Orycteropus cf. afer

Referred material. DN 1062, right proximal radius.

Description. The DN 1062 right proximal radius preserves a nearly complete head with articular surfaces and radial tuberosity, but very little diaphysis distal to the tuberosity (Fig. 9C). Although there is minor abrasion damage to the cortex around the radial head, the minimum linear dimensions are 17.1 mm mediolaterally and 12.5 mm dorsoventrally. The articular surface morphology of the specimen is diagnostically orycteropodid (to the exclusion of similarly sized carnivores, primates, Hystrix and Smutsia [Order Philodota]) in the well-developed medial articular facets for contact with the lateral coronoid process of the ulna (Fig. 9C). The DN specimen is identical to extant Orycteropus afer radii available to us for direct comparison in both morphology and size, and exhibits excellent joint congruence with the capitulum of the Orycteropus cf. afer distal humerus from Swartkrans Member 1 (SKX 14261) (Lehmann, 2004).


Fauna from the site has been recovered from both calcified and decalcified deposits in the Main Quarry using a variety of techniques over the years. A small portion of the collections from the early 1990s was developed from blocks recovered from the lime miners dumps just outside the Main Quarry. While these blocks have always been assumed to come from the Main Quarry deposits due to their proximity, the recent excavation of a newer, older (∼2.6 Ma) 50 m west of the Main Quarry (the Drimolen Makondo; Rovinsky et al., 2015; A Herries et al., 2016, unpublished data) does mean that this ex situ material could be mixed from more than one age of deposit. However, these two different deposits are not stratigraphically intertwined as is the case for deposits like Members 4 and 5 at Sterkfontein (Herries & Shaw, 2011) or Swartkrans Members 1–3 (Herries & Adams, 2013). This is currently no indication that similarly-aged Pliocene deposits exist in the Main Quarry itself.

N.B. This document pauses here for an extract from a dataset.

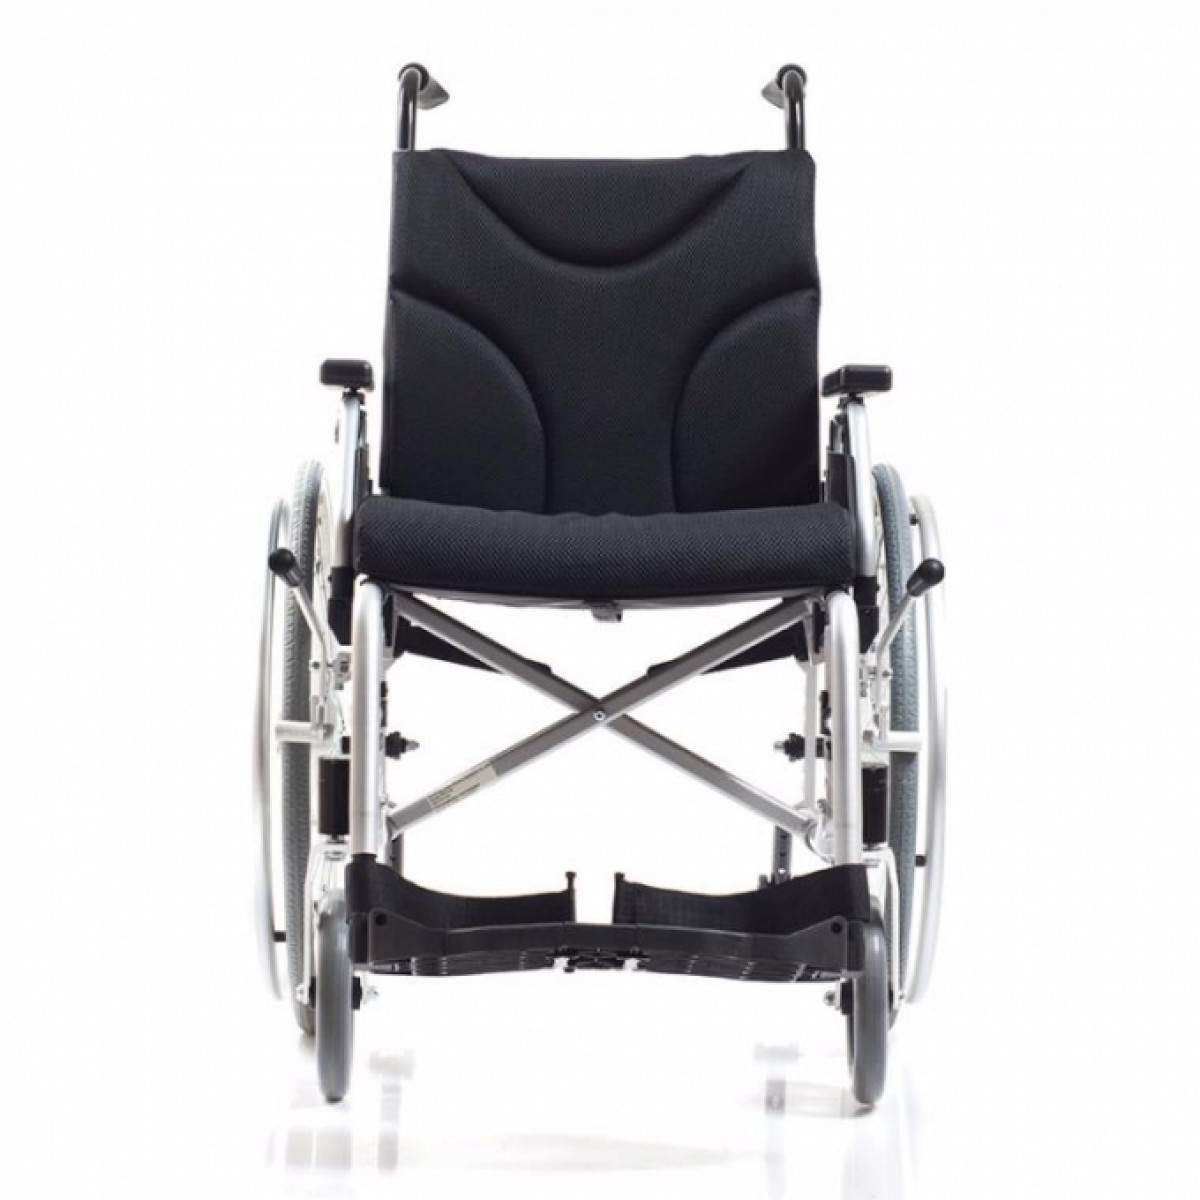 Инвалидная коляска ORTONICA TREND 70 (Ортоника Трэнд) фото 2

Although there is notable diversity in the recovered Drimolen Main Quarry faunas, the majority of the specimens provide limited biochronological data for interpreting the age of the deposits. As is typical for South African palaeokarstic deposits in the region, the recovery of Equus cf. quagga ssp. from the in situ deposits indicates that at least part of the assemblage formed after 2.33 Ma given the first appearance of the genus in African early Pleistocene deposits (Geraads, Raynal & Eisenmann, 2004). The remainder of the ungulate specimens identified from the Main Quarry are either not specifically attributable, are members of long-surviving Plio-Pleistocene lineages, or have poorly-secured first appearance (FAD) and last appearance dates (LAD) in South Africa. The largest bovid sample in the assemblage, Antidorcas recki, has been recovered from eastern and South African deposits spanning the late Pliocene (e.g., Shungura Formation B-H; Gentry, 2010; McDougall et al., 2011; Brown, McDougall & Gathogo, 2013) to the >1.07 Ma (or <0.780 Ma) Olduvai Bed IV (Tamrat et al., 1995) and the 1.07–0.780 Ma Elandsfontein deposits (Gentry, 2010; Braun et al., 2013). The differences in the transverse ridging of the horn cores with the previously described Bolt’s Farm Pit 3 specimens may or may not reflect a temporal difference in depositional age.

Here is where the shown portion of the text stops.